Women's Convention: 'Millions of Women Coming Together to Stand Up and Fight Back'
"More than ever, we need all women and allies to come together to collectively reclaim our time.”
Nine months after the Women’s March, a sell-out crowd of 4,000 people, mostly women, gathered in Detroit's Cabo Center this weekend for the Women’s Convention.
The Women’s Convention was organized by the leaders of the Women’s March, the January 21 protest that turned became the largest mass demonstration in US history.
Women's March leaders Tamika Mallory, Bob Bland, Linda Sarsour, and Carmen Perez, working jointly with a network of coordinators and volunteers, put together a convention which reflects “a comprehensive, intentional and inclusive process” from grassroots activists, movement leaders, and partner organizations across the country.
The theme of the convention is “Reclaiming Our Time”, inspired by Representative Maxine Waters, the 78-year-old California Democrat, whose “reclaiming my time” remarks went viral after the Congresswoman asserted her authority during a House committee hearing in July.
In a statement, Waters said that while speaking at the Women’s March, she was inspired by the movement unfolding "millions of women coming together to stand up and fight back."
“With every decision this [Trump] Administration has made in the months since, things have become worse for our country, but our resistance has become stronger and bolder," Waters said. "More than ever, we need all women and allies to come together to collectively reclaim our time.”
— Melissa Byrne (@mcbyrne) October 28, 2017
“In the lead-up to the march, there wasn’t a real vision for what would come next,” said Cassady Fendlay, a national spokeswoman for the Women’s March. “But after the huge success of the march, we began to hear from women who were hungry for training on how to organize and run for office. So we decided to bring all of these women together in one place for a weekend.”
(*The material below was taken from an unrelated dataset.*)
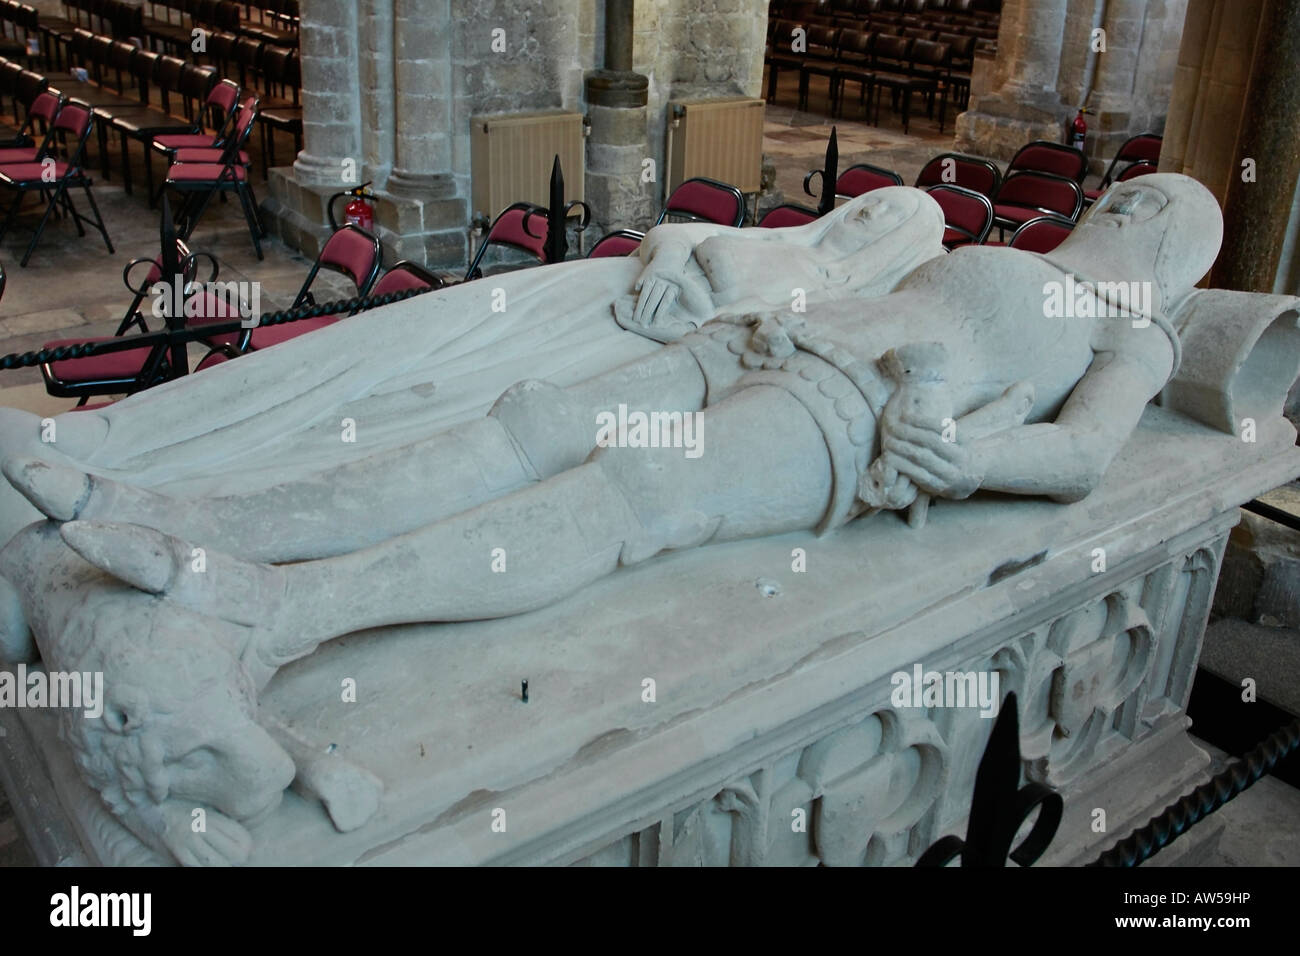 The Arundel Tomb by Philip Larkin inspired by this pair of recumbent medieval tomb effigies, with their hands joined, in Chichester Cathedral, UK Stock Photo

The New York Times reported:
"After the Women’s March in Washington and demonstrations around the country, some had questioned whether the efforts could keep up steam, particularly given the wide range of issues being addressed. In the months since the marches, smaller groups, known as “huddles,” have met around the country. Organizers said more than 5,000 such meetings had occurred, and pointed to the turnout at the weekend convention as more evidence that a sustained movement had emerged."
“One of the things I was concerned about early on was maybe we’d get numb to this environment we’re in and we haven’t at all,” said Gretchen Whitmer, a Democrat running for governor of Michigan, who spoke at a January march in Lansing, Mich. “This is not just a one-weekend event. This is about giving people tools to stay active and to grow our grass-roots effort.”